Another attribute value is the average number of prominent
transients per segment occurring at intervals of 1/4 of a beat.
This may be calculated by counting the number of values located at
even indices in the transient beat table that are larger than 50%
of the average loudness of transient sounds for a frequency band,
then dividing the result by the number of segments described in the
beat table. In some embodiments, a segment is specified as
consisting of 32 beats, so the number of segments would be
calculated as the size of the beat table divided by 256.
[0053] Another attribute value which may be produced by the energy
attribute algorithm is the average loudness of ambient sounds for
each frequency band. This may be calculated by calculating the mean
of the values in the ambient beat table for each frequency band.

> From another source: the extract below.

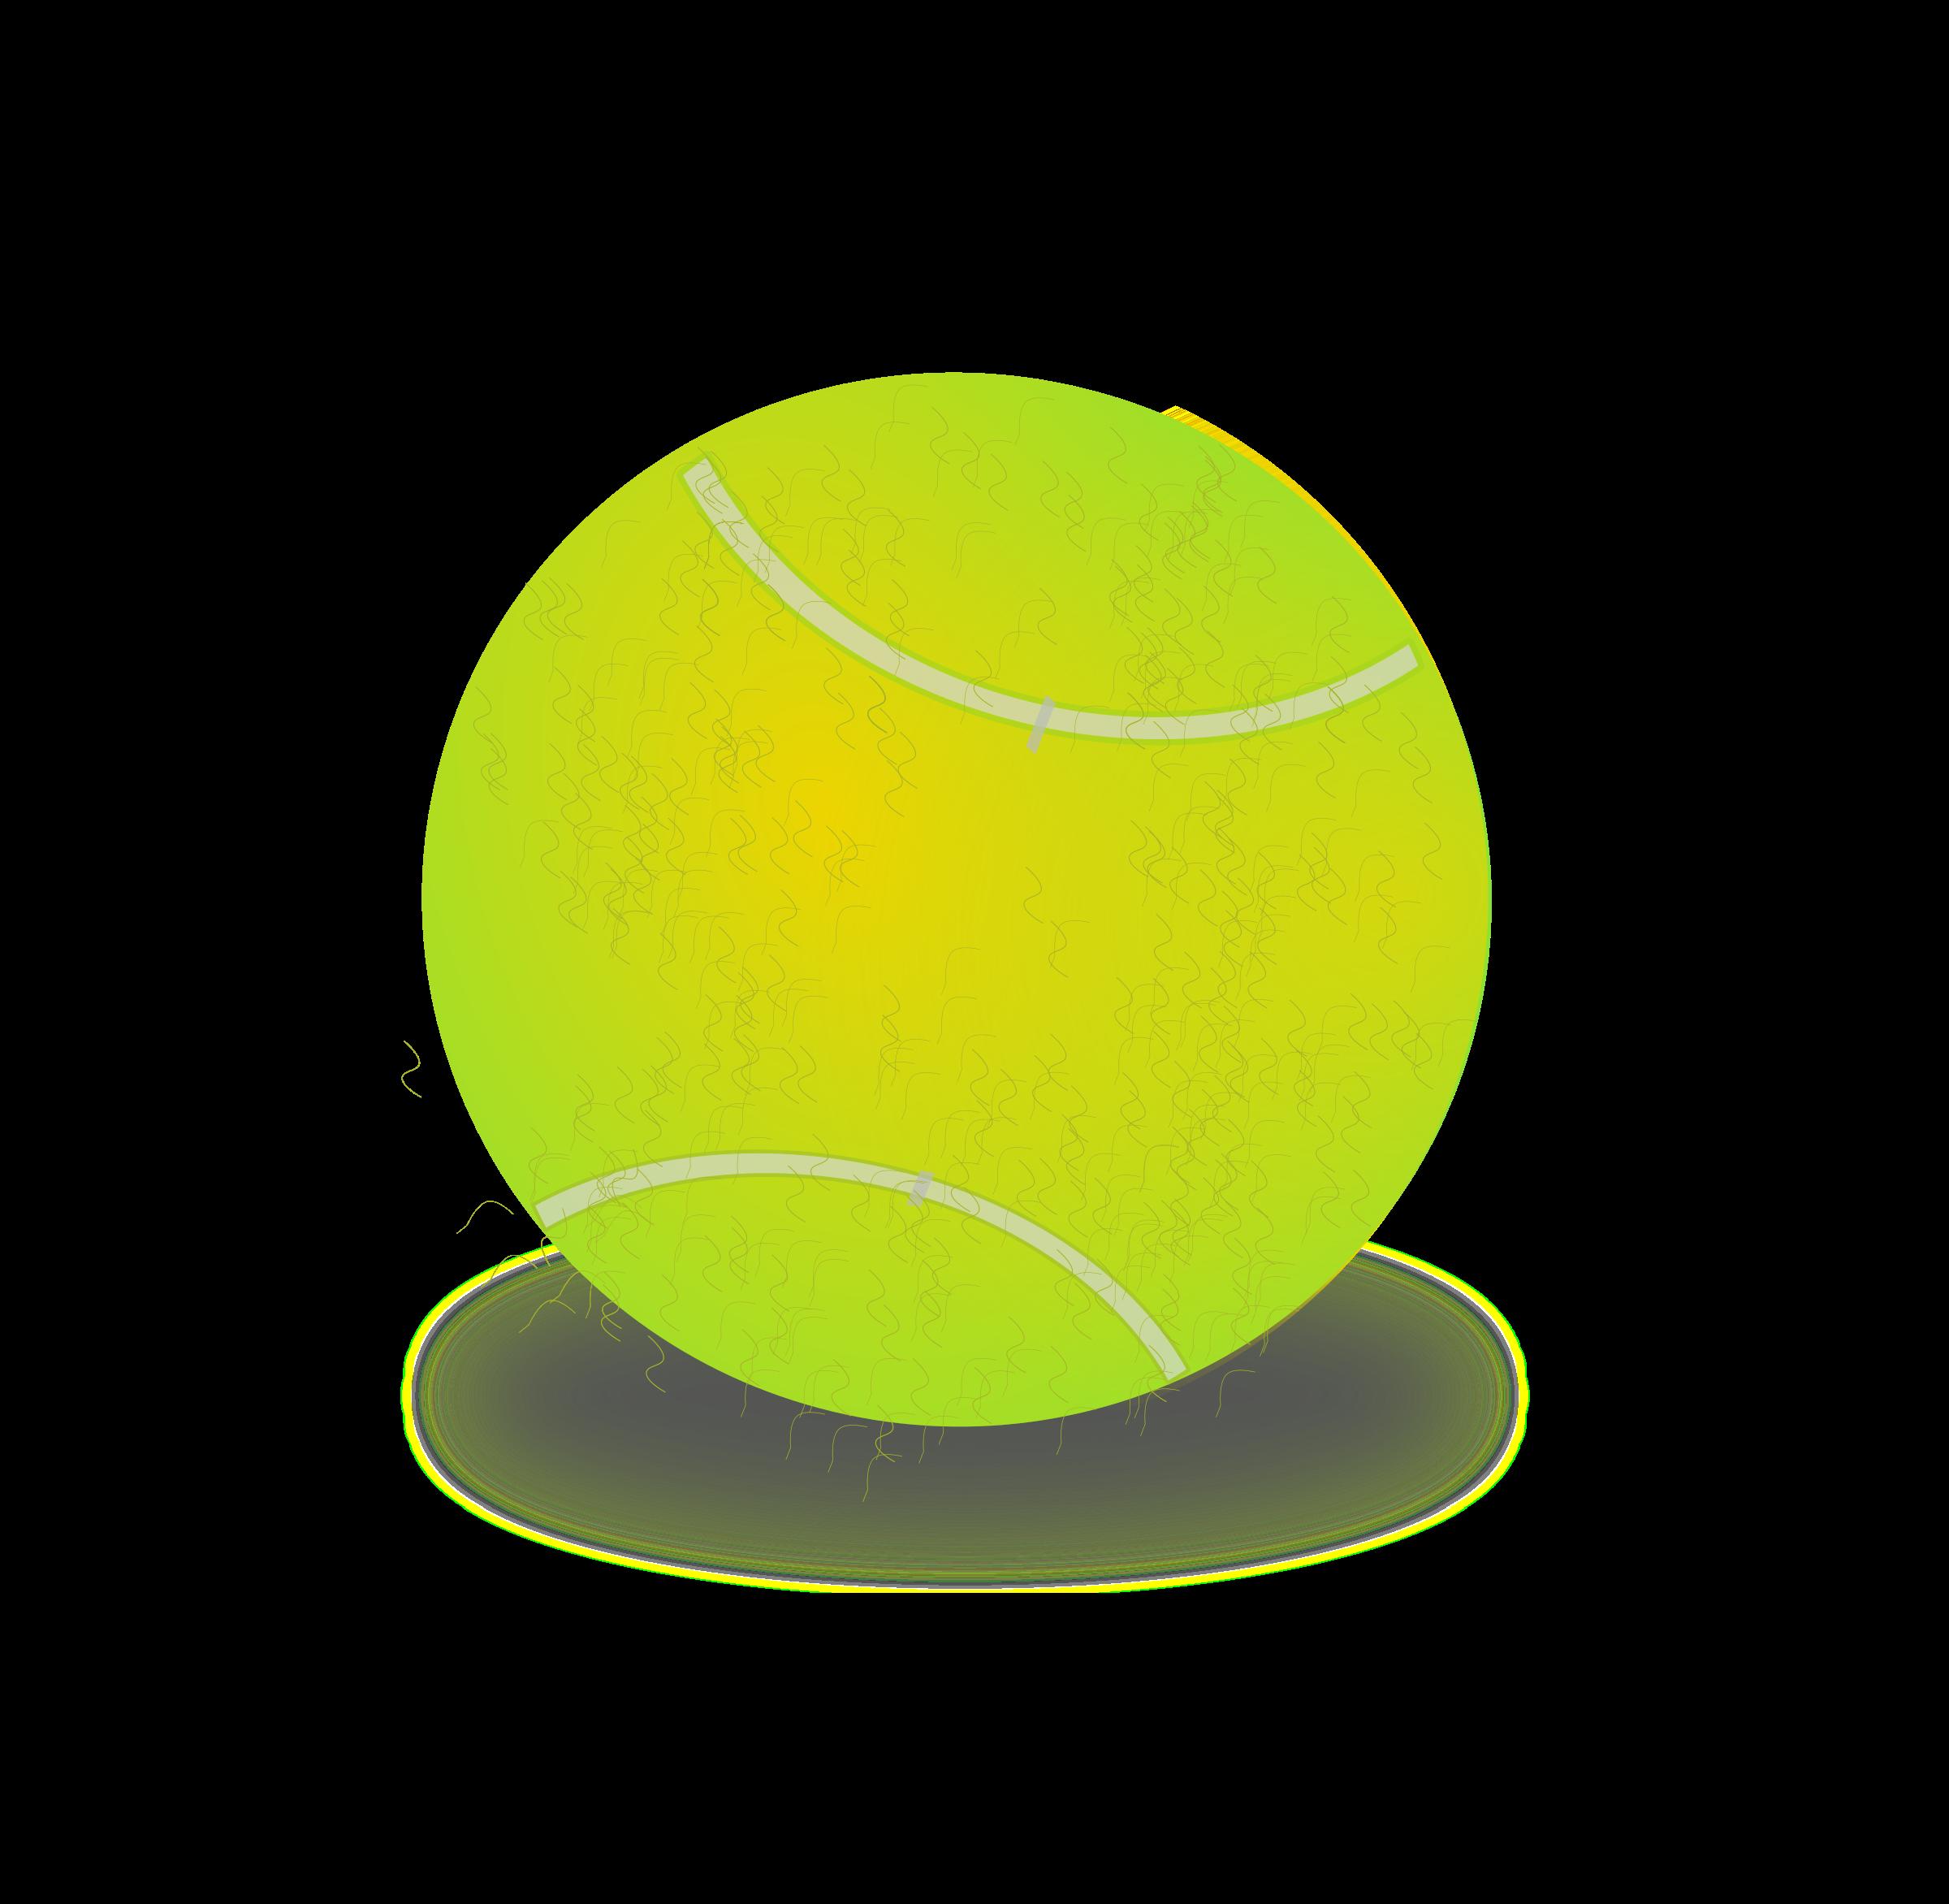 Clipart - Tennis ball

This can be extended to determine the loudness of ambient sounds
that are aligned to 1/4 of a beat, or that are not aligned to 1/4
of a beat, by calculating the mean of values located at even
indices or odd indices respectively.
[0054] In order to calculate the number of times a prominent
transient is followed by another prominent transient `n` beats
later, among other methods, the transient beat table may be
transformed using the following formula:
B'[i,j]=sqrt(B[i,j]*B[i+n*8,j])
[0055] B is the original beat table, B' is the resulting
transformed beat table, i is the index in the beat table
corresponding to increments of 1/8 of a beat, and j is the
frequency band index. The resulting beat table contains large
values where there is a transient sound followed by a transient
sound `n` beats later. The number of occurrences of this happening
with prominent transients can be calculated for each frequency band
by determining the 90th percentile value of all values located at
even indices for the resulting beat table in a frequency band, and
counting the number of values at even indices that are greater than
50% of that value. In some embodiments of the current invention,
this value is calculated for each frequency band and for values of
n equal to 1/4, 1/2 and 1.
[0056] The database includes a plurality of reference audio files
(also referred to as analyzed audio signals), each reference audio
file representing a musical work (also referred to as a musical
piece or reference composition) and having an energy level value
and an energy attribute profile 21 or reference energy attribute
profile 21. The energy attribute profile 21 of a musical work is
analogous to the energy attributes of the musical composition and,
in some embodiments, is obtained via the energy attribute algorithm
detailed above.
[0057] The energy level value represents how energetic a musical
work is perceived by a human. The energy level value can be
determined in numerous ways, such as by a neural engine after it
has been trained by evaluating outcomes using predefined criteria
and informing the engine as to which outcomes are correct based on
the criteria, the conclusion of an artisan with a trained ear, the
musician or composer of the work, etc. Consequently, and
importantly, all musical works in the database are described by two
disparate metrics--energy level value and energy attribute profile
21.
[0058] The database may be contained on a single storage device or
distributed among many storage devices. Further, the database may
simply describe a platform from which the plurality of reference
files can be located or accessed, e.g. a directory. The plurality
of reference files contained within the database may be altered at
any time as new reference musical works or supplemental analyzed
audio files are added, removed, updated, or re-classified.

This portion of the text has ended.